CONTINUED urate-lowering therapy (ULT) in a treat-to-target (T2T) strategy is favourable in patients with gout compared with ULT discontinuation attempts, according to new data presented today at EULAR 2026, London, UK.
The open-label, randomised superiority trial, ran across nine rheumatology clinics in the Netherlands, analysed 309 patients with gout and assessed continuation of T2T with ULT against ULT discontinuation attempts.
Current Guidelines
In clinical practice, adherence to ULT is often poor and discontinuation is common.
Current guidelines recommend lifelong ULT in a T2T strategy to maintain remission.
There is some scope for discussing tapering or discontinuation if remission is achieved.1-3
Data Presented at EULAR 2026
Results of the trial showed that during the final 6-month follow-up period (from a total of 24 months), a substantial proportion of patients remained flare-free after ULT discontinuation.
Remission criteria were met in 79.2% of the continued ULT T2T group compared with 62.9% of the ULT discontinuation attempt group.
Patients continuing ULT remained flare-free for longer over 24 months, with a cumulative flare incidence of 12.3% compared with 31.8% in the ULT discontinuation attempt group.
In the discontinuation attempt group, 23% restarted ULT after a median of 392 days and more participants needed anti-inflammatory medication compared with the ULT T2T group.
There was also a modest kidney function benefit observed with ULT T2T continuation during remission.
Iris Rose Peeters, Sint Maartenskliniek, Ubbergen, the Netherlands, said: “These findings support current recommendations to continue ULT during remission at the population level.
“The results will inform shared decision-making discussions.
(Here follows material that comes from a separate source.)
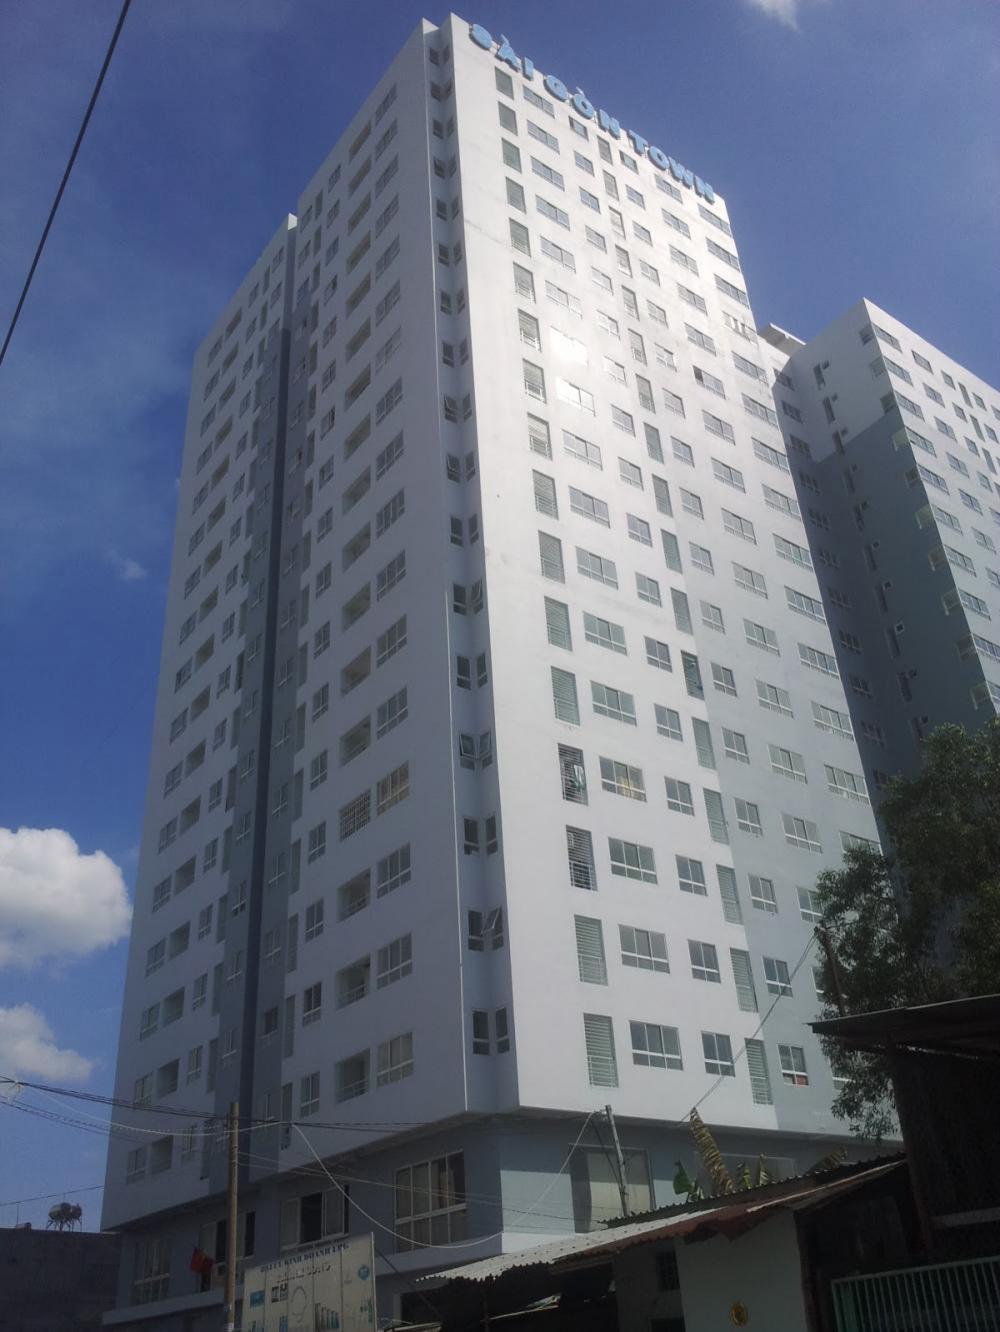 Cần cho thuê căn hộ Sài Gòn Town, DT 65m2, 2PN, 2 WC, có nội thất cơ bản. Giá thuê 7.5 triệu/th

“However, future research will need to explore longer-term outcomes and safety – and predictors of discontinuation success – given that a substantial proportion of patients remained in remission – as well as assessing cost-effectiveness.”
References
1 Richette P et al. 2016 updated EULAR evidence-based recommendations for the management of gout. Ann Rheum Dis 2017;76:29–42.
2 FitzGerald JD et al. 2020 American College of Rheumatology Guideline for the Management of Gout. Arthritis Care Res 2020;72:744–60.
3 Kiltz U et al. Treat-to-target (T2T) recommendations for gout. Ann Rheum Dis 2017;76(4):632–8.